1. Field
Embodiments of the present invention relate to a display device and a driving method thereof.
2. Description of the Related Art
Recently, various flat panel displays have been developed which are lighter and thinner than cathode ray tubes. Various flat panel displays include a liquid crystal display (LCD), a field emission display (FED), a plasma display panel (PDP), an organic light emitting diode (OLED) display, and the like.
Among the flat panel displays, the OLED display, which displays images by using OLEDs that generate light by recombining electrons and holes, has a fast response speed, is driven with low power consumption, and has excellent emission efficiency, luminance, and viewing angle, such that it has recently been in the spot light.

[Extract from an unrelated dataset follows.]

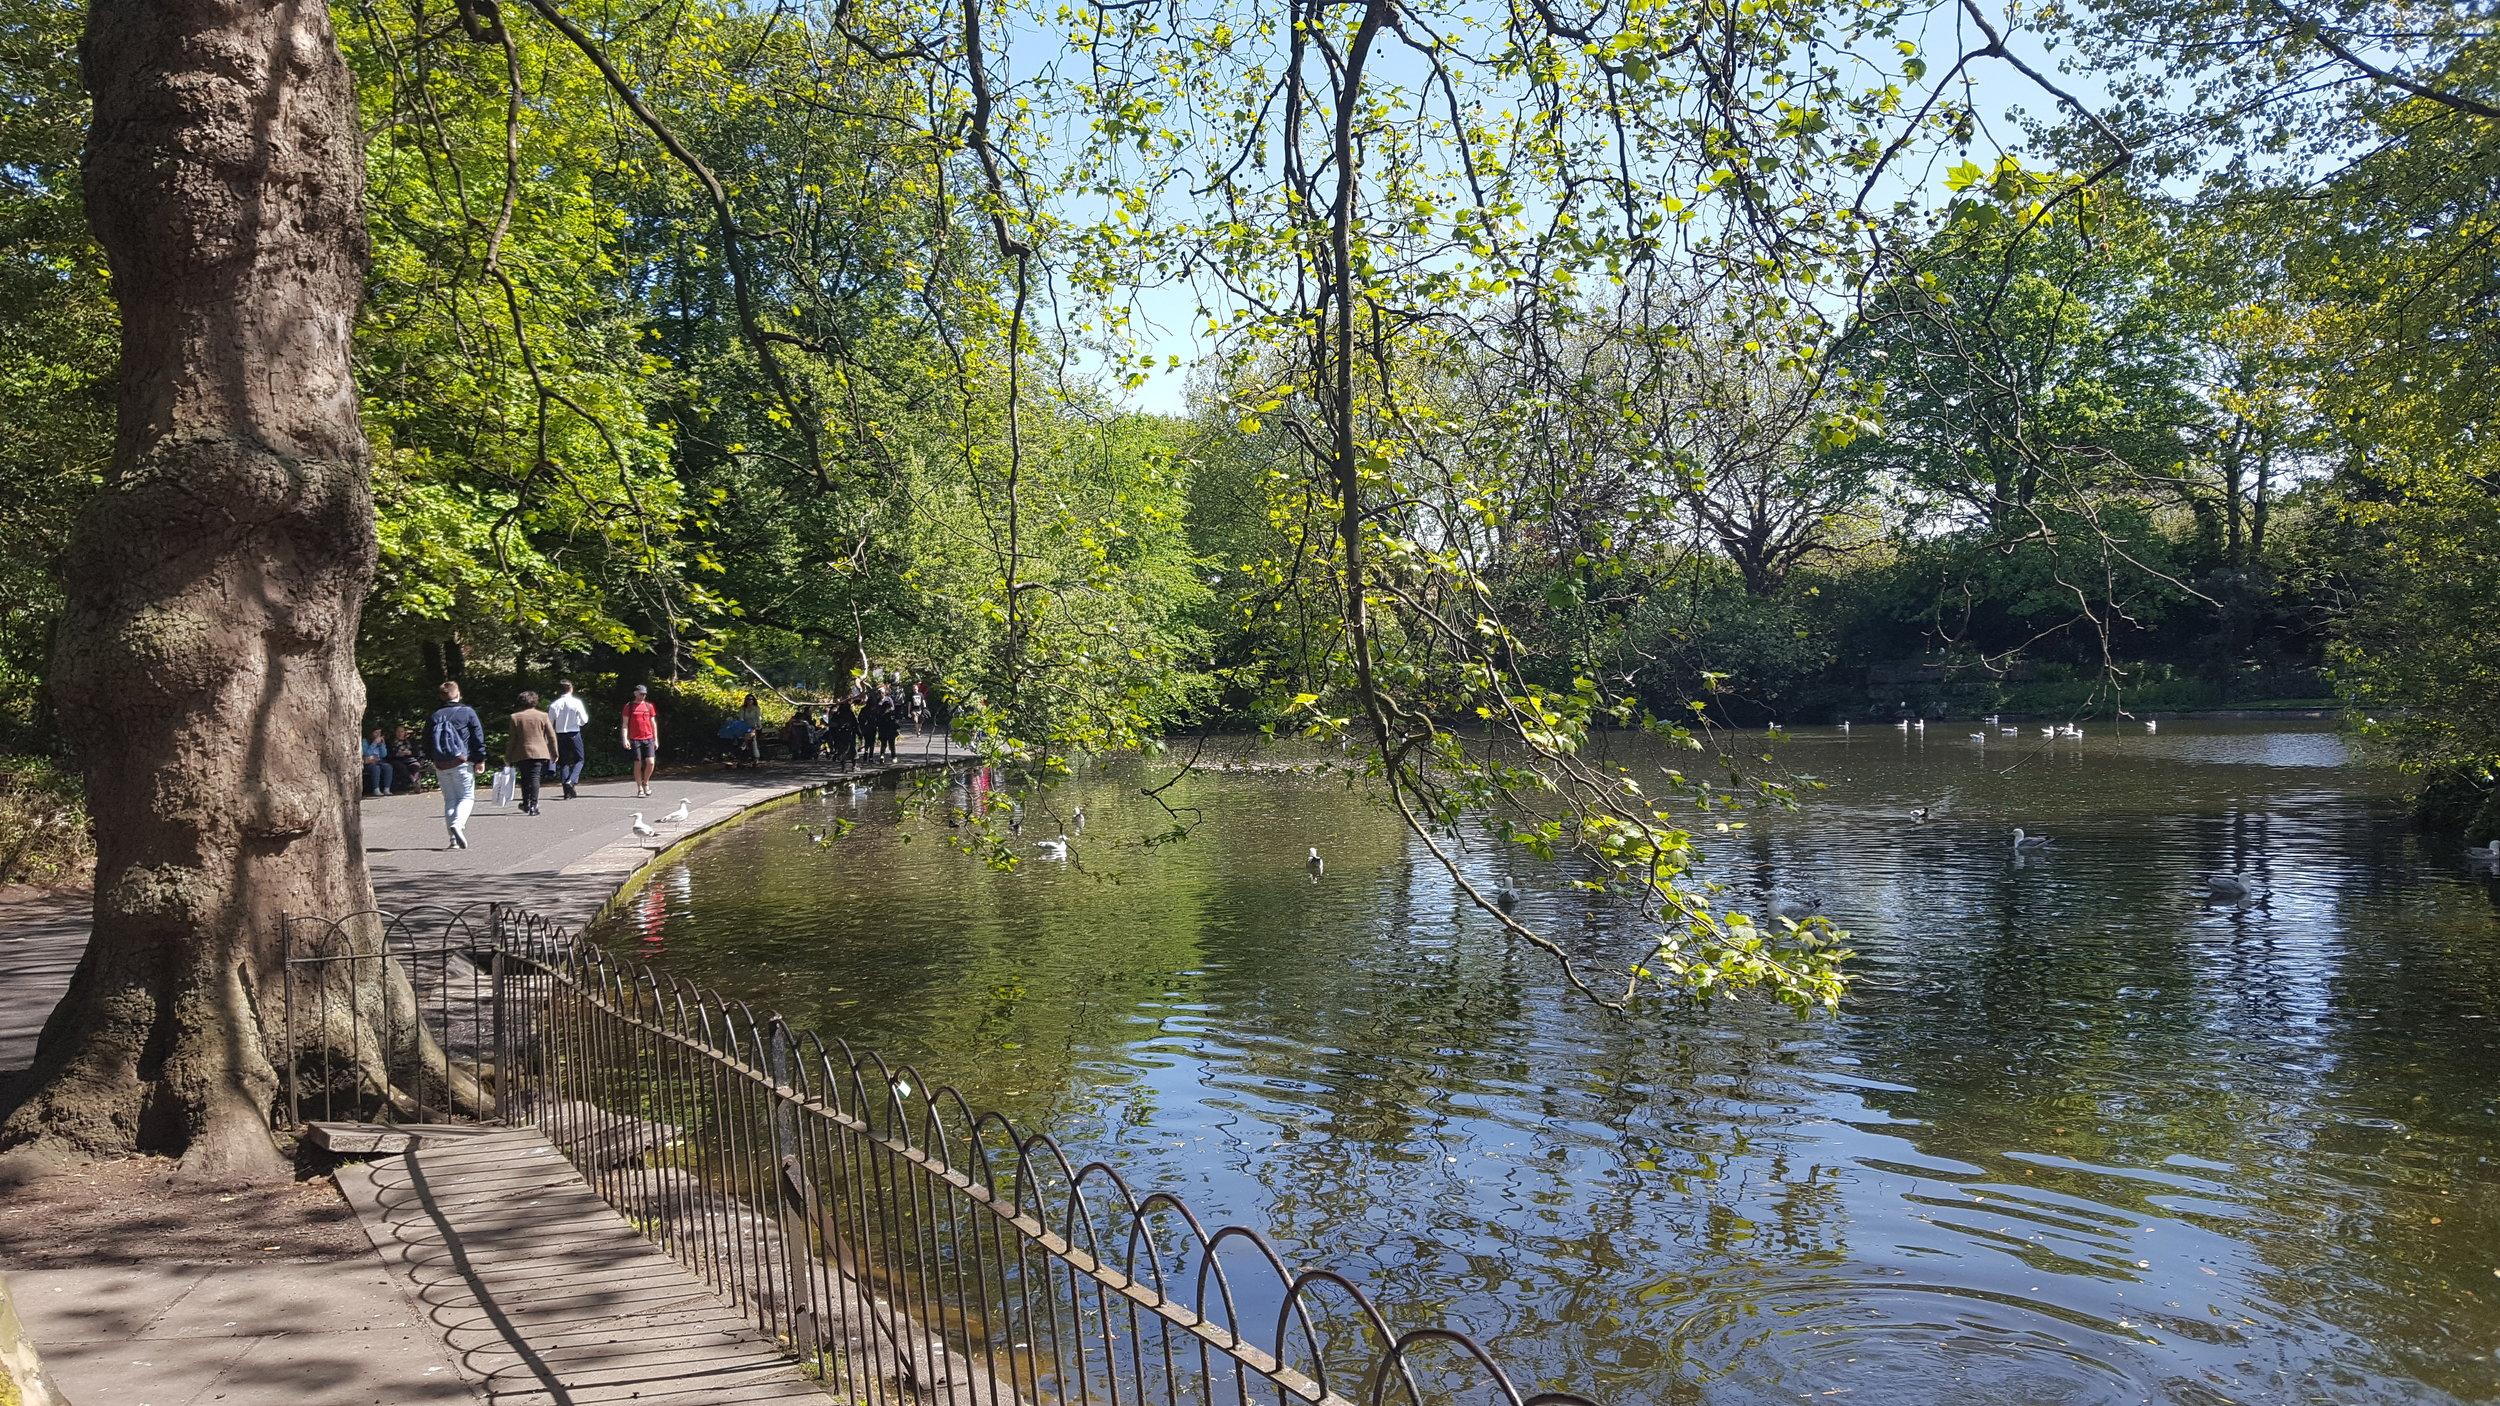 The serene setting of St Stephen's Green, Dublin, Ireland

The OLED includes a thin and transparent indium tin oxide (ITO) anode having a semiconductor characteristic, a metal cathode, and an organic material layer between them. The organic material layer includes a hole transport layer (HTL), an emission layer (EL), and an electron transport layer (ETL). When a voltage with a low voltage characteristic is transmitted from a power source, charges injected into holes of the anode and charges from the cathode are combined on the emission layer to generate electroluminescence on the organic material layer.
Generally, the OLED display is classified as a passive matrix type of OLED (PMOLED) or an active matrix type of OLED (AMOLED), according to how the OLEDs are driven. In aspects of resolution, contrast, and operation speed, the current trend is toward AMOLED displays in which respective unit pixels are selectively turned on or off.
One method for improving peak luminance of the AMOLED, reducing power consumption, and reducing electro-luminescence power capacity is to calculate an image load from input image data and to control the luminance of the entire display panel. The image load is the sum of the image data values for all of the pixels of the display panel. A power source voltage level for the pixel, is controlled to have various levels depending on the image loads in order to guarantee accurate operation of the pixel driving circuit. That is, the level of the power source voltage does not always need to have a relatively-high fixed value, and it is to be prepared for the maximum image load condition in which all the pixels emit as white light (peak light intensity). Average power consumption can be reduced by calculating the image load and determining the power source voltage level.
However, since the luminance of the display panel is totally controlled, the image quality of the display image may be deteriorated according to the displayed pattern for the image data.
The above information disclosed in this Background section is only for enhancement of understanding, and therefore it may contain information that does not form the prior art that is already known in this country to a person of ordinary skill in the art.